In many ways I think geeks and fanboys have less actual influence. The idea that fans were actually the normal, paying audience died over the course of the 90s when people realized you couldn’t actually make money on things like Babylon 5. These days geeks and fanboys are part of the plan, but only part of it – essentially a promotional stage. You court them to get buzz, and break up with them when you need to actually hit it big.
Anton B
February 11, 2014 @ 9:34 am
You forgot 'where do you get your ideas from?'
Josiah Rowe
February 11, 2014 @ 10:15 am
Here's one I don't recall having been discussed here (and if it has, please feel free to ignore and/or point me towards the previous discussion): do you believe in the Omnirumour, in any form? Do you think that there are more officially missing episodes of Doctor Who in the vaults of TIEA, or anywhere else? And what does the undying nature of the Omnirumour say about Doctor Who fandom?
Eric Rosenfield
February 11, 2014 @ 11:22 am
Will you do Night of the Doctor for the book release of the Wilderness Years?
Dan
February 11, 2014 @ 3:13 pm
In the Woody Allen case it's quite simple: either Woody or Mia are lying. Whichever of them is lying is truly beyond the moral pale, if in different ways and degrees. . Dylan Farrow can be telling the truth as far as she sees it in either case. Saying "I believe the victim" appears to give the impression that we know whether Allen is guilty or not. (Have you read Allen's op-ed piece in the NYT? I know nothing and have researched nothing beyond the open letter and the op-ed piece, and wish I knew the truth of the matter.)
And the amount of people on Twitter saying "if you say 'innocent until proven guilty' you are a bad person and I'm blocking you" and words to that effect is surprising. Sure they're not bound by the legal process in the "innocent until proven guilty" sense (only in a libel law sense), and they're coming from the point that powerless abuse victims have long been ignored or not taken seriously , but, from those two things I have read, and certainly without calling DF a liar, WA hasn't remotely been proven guilty.
Spacewarp
February 11, 2014 @ 10:01 pm
I'd guess next time you're in the UK you'll be looking up the Earls Court Police Box. Well if you've got time you could also go here:
http://www.youtube.com/watch?v=Cxtiv7T5gXM
(That's me filming and talking by the way)
Spacewarp
February 11, 2014 @ 10:39 pm
The recent verdicts for Michael La Vell and William Roache spring to mind, and I am watching the cases of Dave Lee Travis and Rolf Harris very closely.

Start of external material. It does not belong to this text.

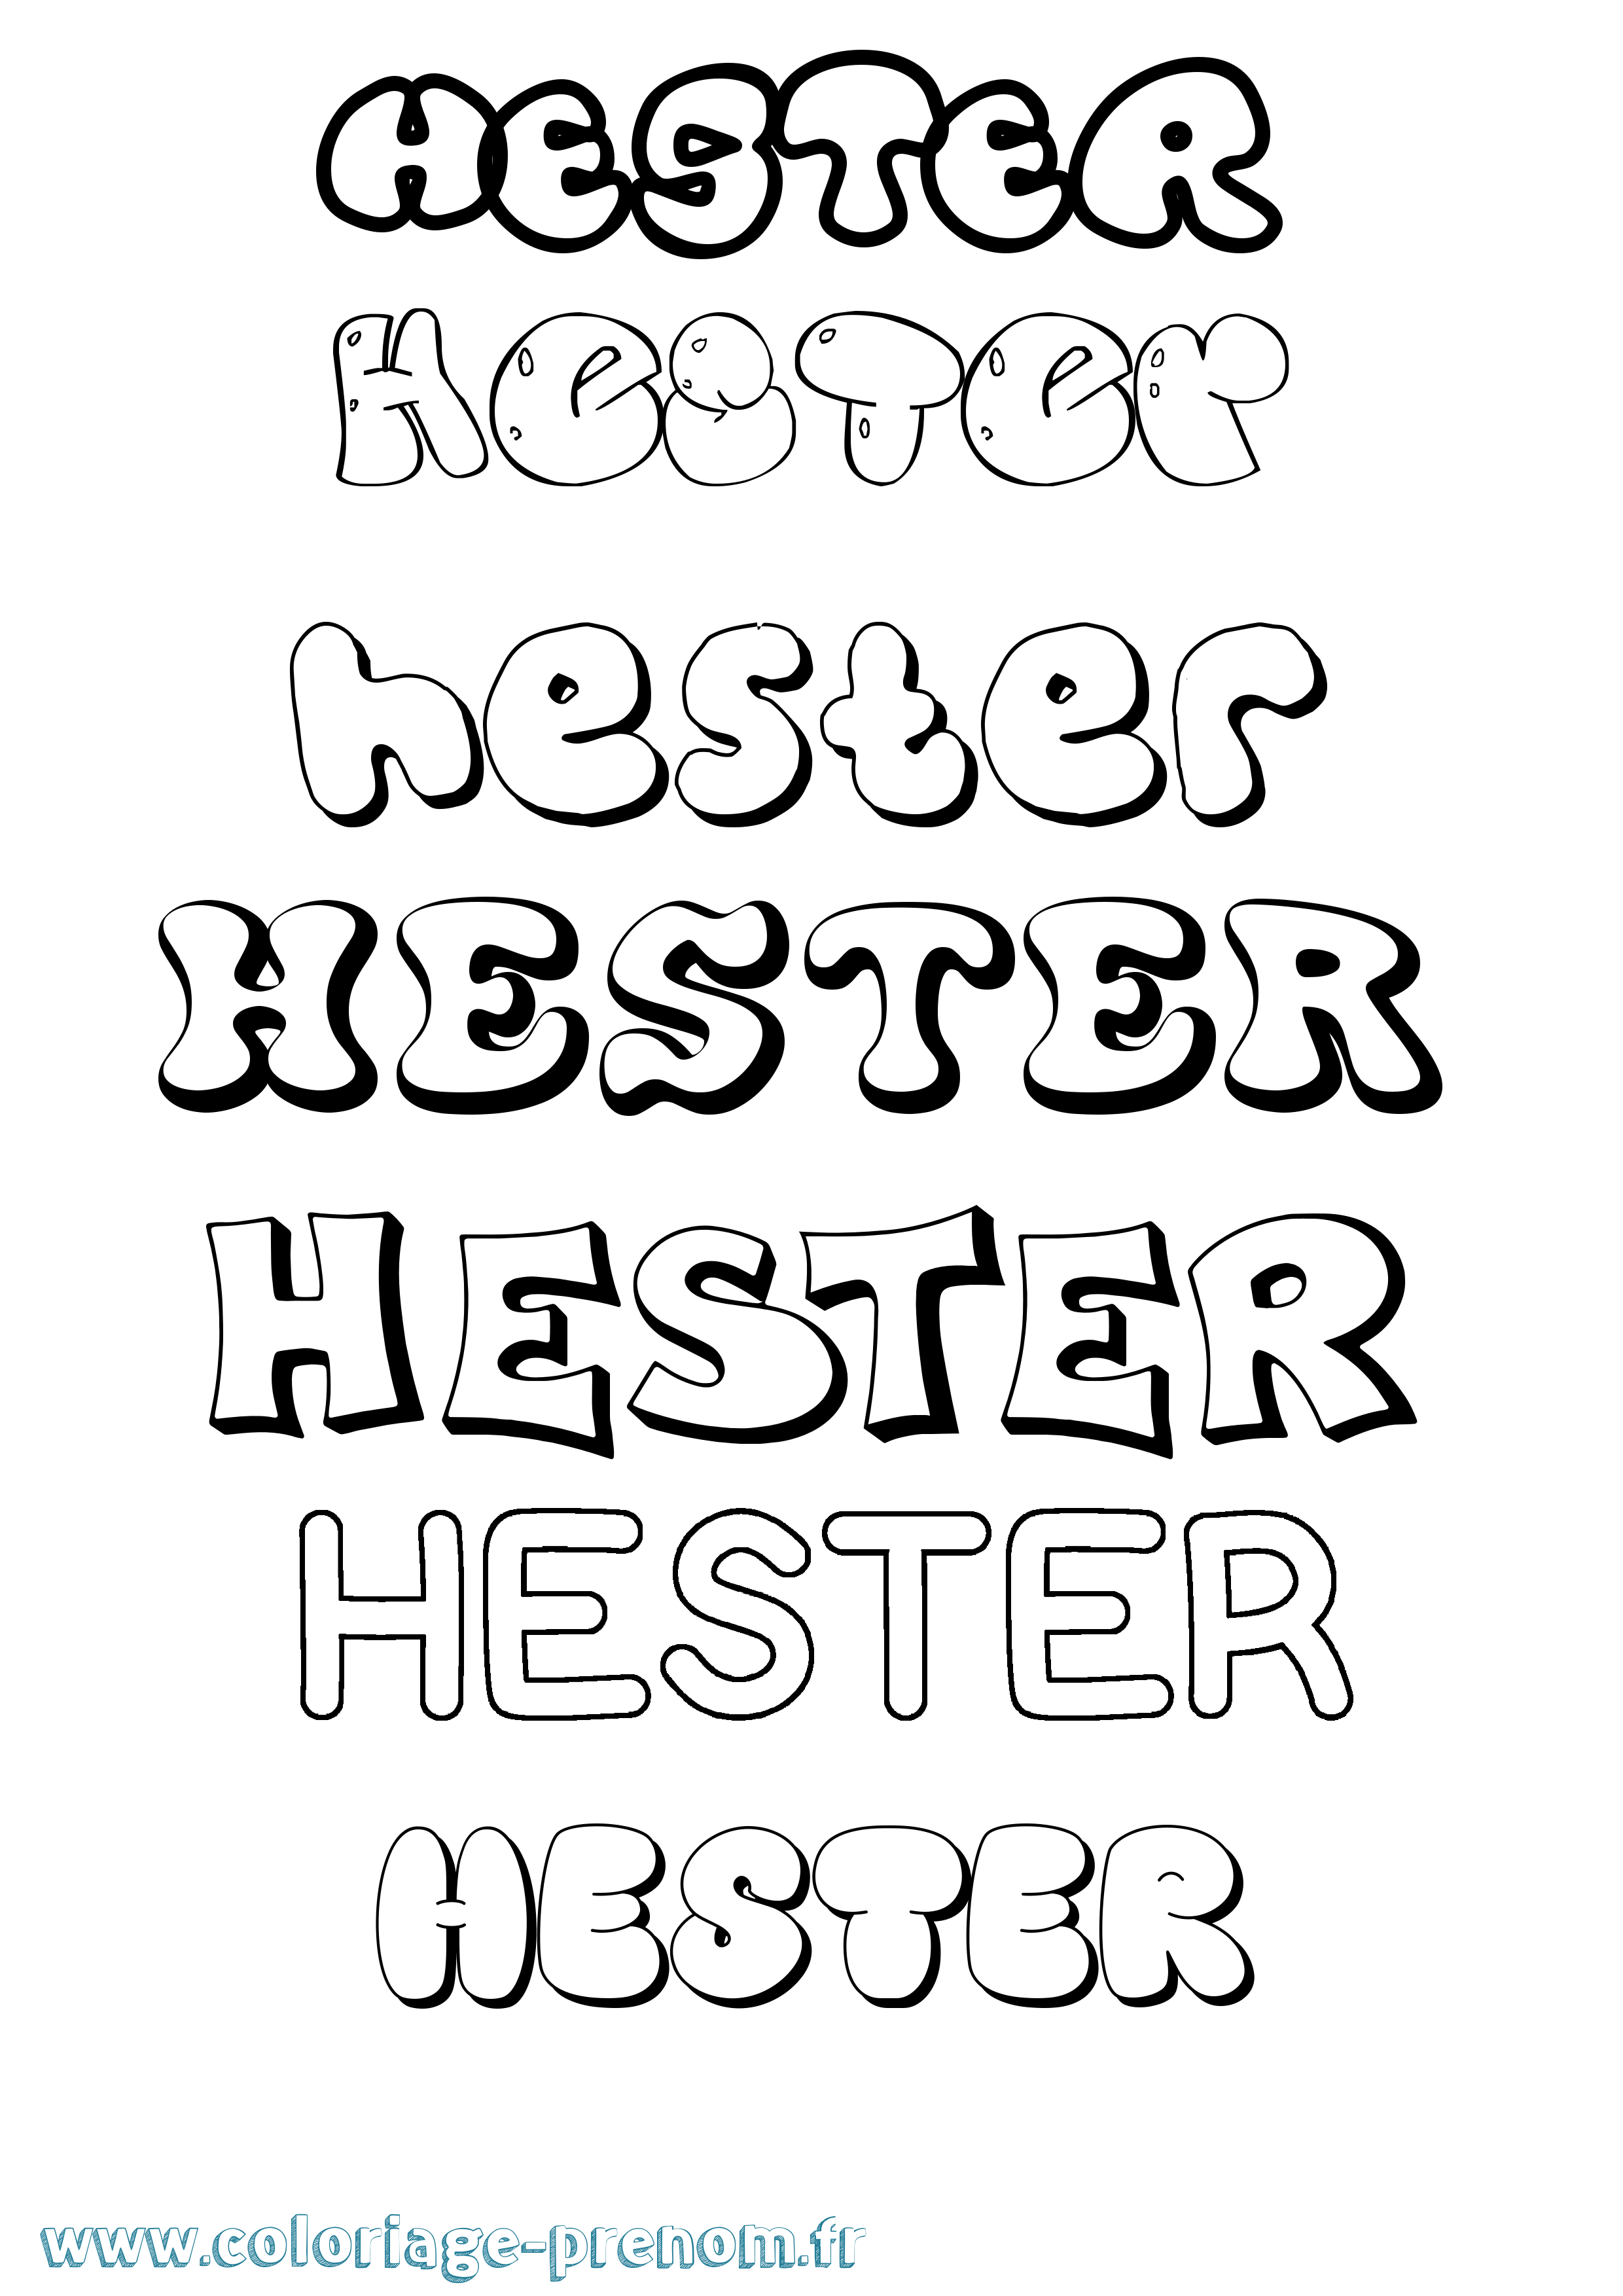 Coloriage prénom Hester Bubble

The ghost of Jimmy Savile has a lot to answer for.
David Ainsworth
February 12, 2014 @ 5:03 am
Babylon 5 is a really strange example, given that fan input had no real effect on the show and that Warner Brother have made lots of money selling DVDs. Why not Sliders, or Firefly/Serenity, or even Doctor Who in the 90's? And if you're looking at today, compare The Big Bang Theory to, say, Community to see how much influence geeks have on pop culture.
Froborr
February 12, 2014 @ 5:28 am
I think the point is that Babylon 5 was made for and actively courted a geek audience. It remains a pure cult work, with a small but dedicated audience; reasonably profitable, but not particularly influential. (Indeed, the genre of which it was part is basically dead.)
Contrast something like Buffy, which had (and has) a sizeable geek following but did not actively court that audience and was not made for them. (Indeed, geeks are pretty consistently depicted extremely negatively in the show, most obviously with the Trio, but note also that most of Willow's character development consists of maturing away from initial geekiness.) Buffy was not only commercial successful, but also extremely influential, including serving as the template for the Davies era.